In retrospect, though, I think there was a third even more important element contributing to the attention I devoted to GroupM over more than two decades: the people who have led it -- from its visionary founder Irwin Gotlieb through digital and experiential native Christian Juhl. I'm not going to say they have been cult-like leaders, but they -- and most of the other media agency leaders I've cared about covering -- at least had a personality and a message I cared about covering.

I can't say the same thing is true of many others, and while I'm not going to name names on which media agency leaders were lacking, you can look at the chart above and guess for yourself.

Look, in the end, I know this is a relationship business, and a big part of why a trade journalist writes about one executive and his organization and not another is because they actually have a relationship.

But honestly, not all my relationships with the people I cover have been good ones, they were just interesting people doing interesting things that I thought were interesting to our readers.

For nearly half a century I've written about some of these characters, because they were something special. I think some of them liked me. I think some of them didn't like me. And I can tell you for a fact that a few of them have blackballed me.

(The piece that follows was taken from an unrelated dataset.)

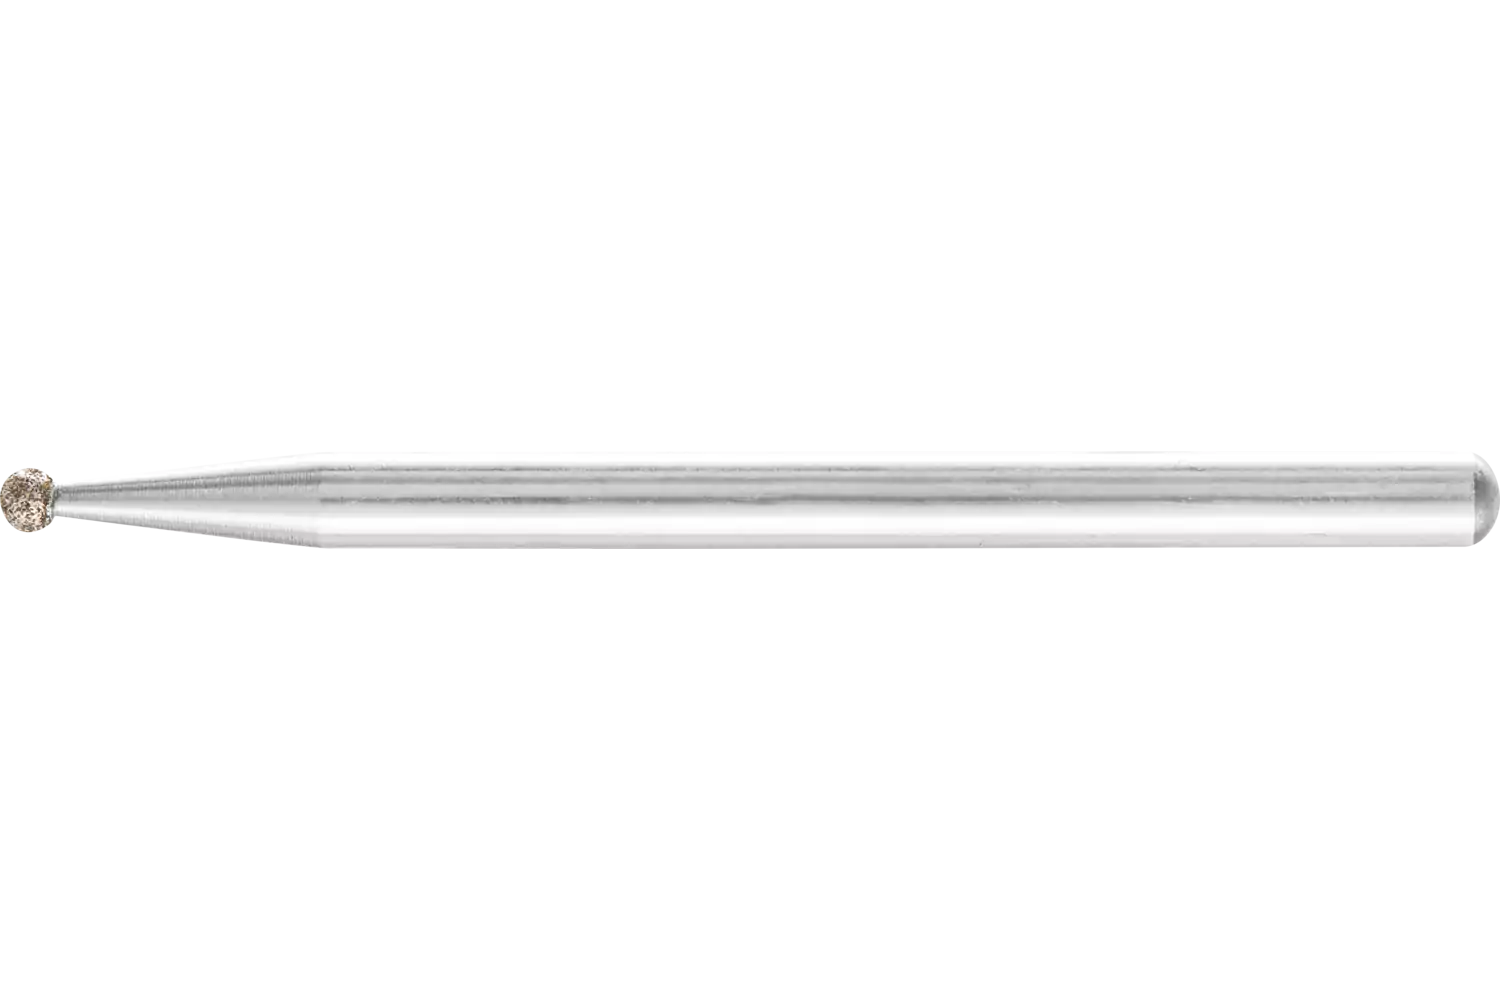 Mola abrasiva in CBN sfera Ø 2,0 mm gambo Ø 3 mm B126 (media) per incisione e sbavatura 1

But the one thing they all had in common, was a colorful personality that made me want to write about them.

I as lucky that when I started out covering the agency business in the early 1980s there were so many colorful characters running the ad business. Not just media wonks, but full-service/creative ones like George Lois, Jerry Della Femina, etc. But it wasn't just the larger-than-life characters, but some behind-the-scenes, business thinkers who were reshaping the agency world like a giant chessboard: IPG's Phil Geier, WPP's Martin Sorrell, Havas' Rodés family, and yes, even Omnicom's John Wren.

But to me, the pure-play media entrepreneurs always were my favorite subject, and I was tickled to recently write about yet another new act for one of the pioneers, Dennis Holt, who like Koenigsberg continues to have strong vision of the future. And not just techspeak buzzword bingo, but the culture that makes a strong, differentiated, sustainable and growing media services organization.

There are so many great personalities I've had the opportunity to cover and get to know -- not just Koenigsberg and Gotlieb, but the Verklins, Farellas, Lotitos, Kostyras, and I can go on.

But the one thing they all had in common was a personality that was framed around a unique and differentiated sense of media service culture.

And if all of them have a new modern day heir, it's probably PMG's George Popstefanov.

He reminds me very much of the young and hungry Koenigsberg I met back in the late 1980s and is definitely someone to keep an eye on for the future.

Like Koenigsberg, he can talk about tech, data, clients, etc., but what he really likes to talk about is his people and his organization. Sometimes real estate too.